In my younger days I use to be 10 foot tall and bullet proof, now I'm only 6' 1" and drink 100 proof 
I get on stilts without sitting but I really struggle to pickup dropped tools once I'm on them, to pick up small tools I use a telescopic magnet with a spike adapted on the other end to pickup a dropped sanding sponge...Ok, so I'm getting lazy in my old age.


----------



## Tim0282 (Jan 8, 2008)

More creative than lazy. :thumbup:


----------



## Orygun (Aug 15, 2010)

If necessity is the mother of invention, laziness is probably the father


----------



## Tim0282 (Jan 8, 2008)

Probably so.


----------



## tricounty dwall (Apr 29, 2010)

5'11 and used to jusmp right up on stilts. Ive got a mini baker i push my mud around from room to room and i just sit on it now and strap up. and also the little baker is awesome for setting ur pump and mud on to box out


----------



## SaskMud (Jun 9, 2010)

So I AM the shortest drywaller! lol


----------



## grid ninja (Mar 21, 2010)

biggest balls of them all


----------



## Checkers (Jun 25, 2010)

Nope, I know a guy who is more in the height range of my wife, about 5'1"ish.


----------



## tricounty dwall (Apr 29, 2010)

about 5 years ago i had some subs hanging a house, 9ft ceilings so i had 54s in there, and i saw a board floating across the room. All i saw was feet lol. He wasnt even 5 ft.


----------



## McDusty (Oct 12, 2009)

5'10", standing straight up on my stilts on 8' ceiling my hair just touches the ceiling.


----------



## SaskMud (Jun 9, 2010)

Checkers said:


> Nope, I know a guy who is more in the height range of my wife, about 5'1"ish.

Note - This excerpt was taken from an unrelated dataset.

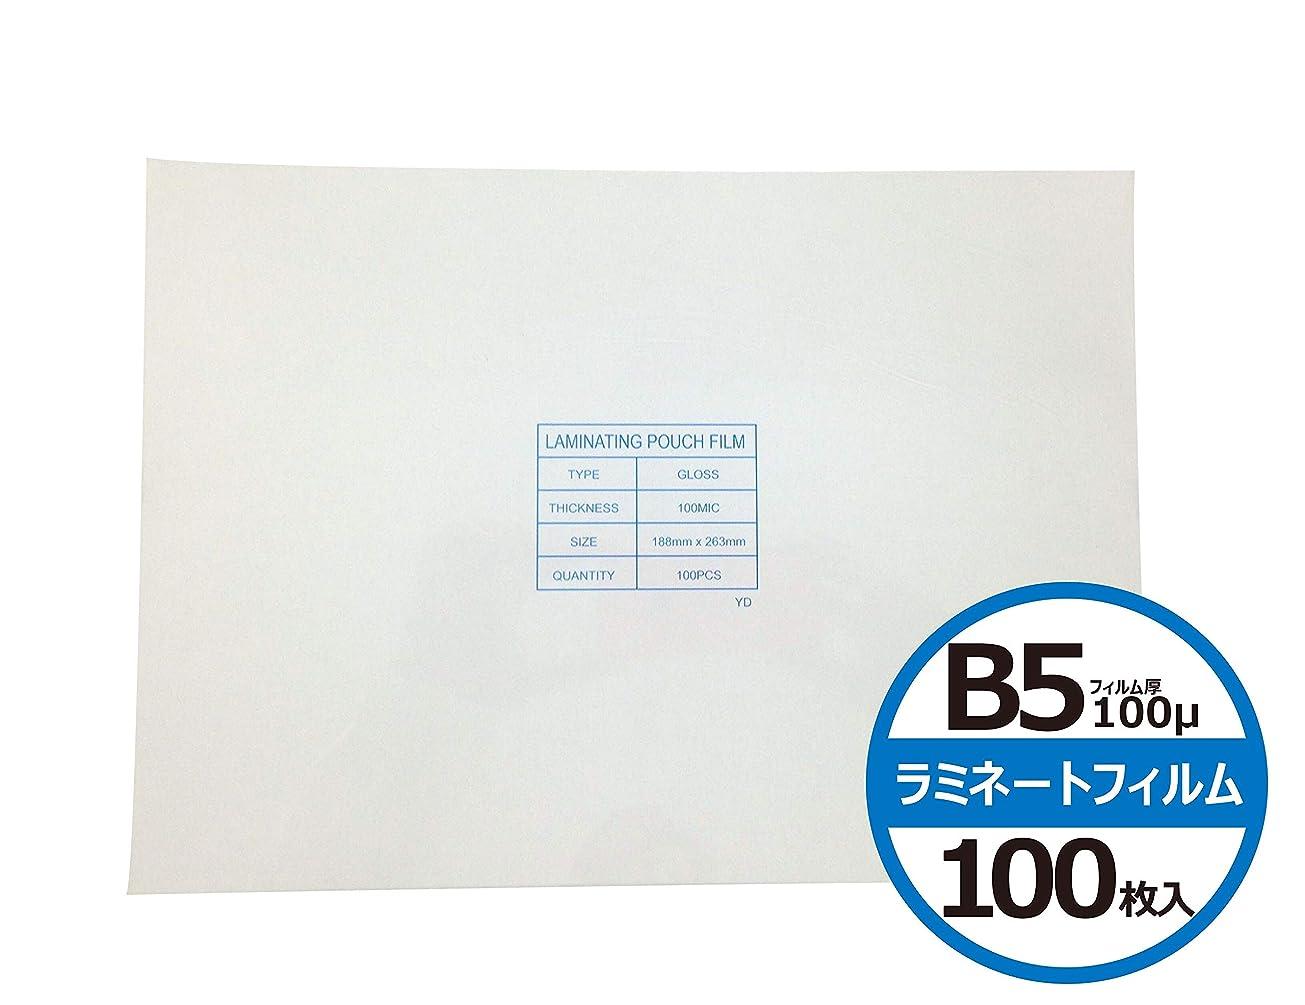 組み込むレキシコン読書をするラミネートフィルム B5 100枚 100ミクロン

he must not even be able to use a bazooka on the ceiling inside corners...?


----------



## proficient Mudder (Aug 28, 2010)

I am 6ft but my back is starting to feel the yrs of this kind of work so i have a hard time to stand up straighter than about 5'8",lol.
I also get on my stilts while standing up, but nowadays find it easier to cheer on the newer recruits for all the fun of walking tall,lol.

Bill


----------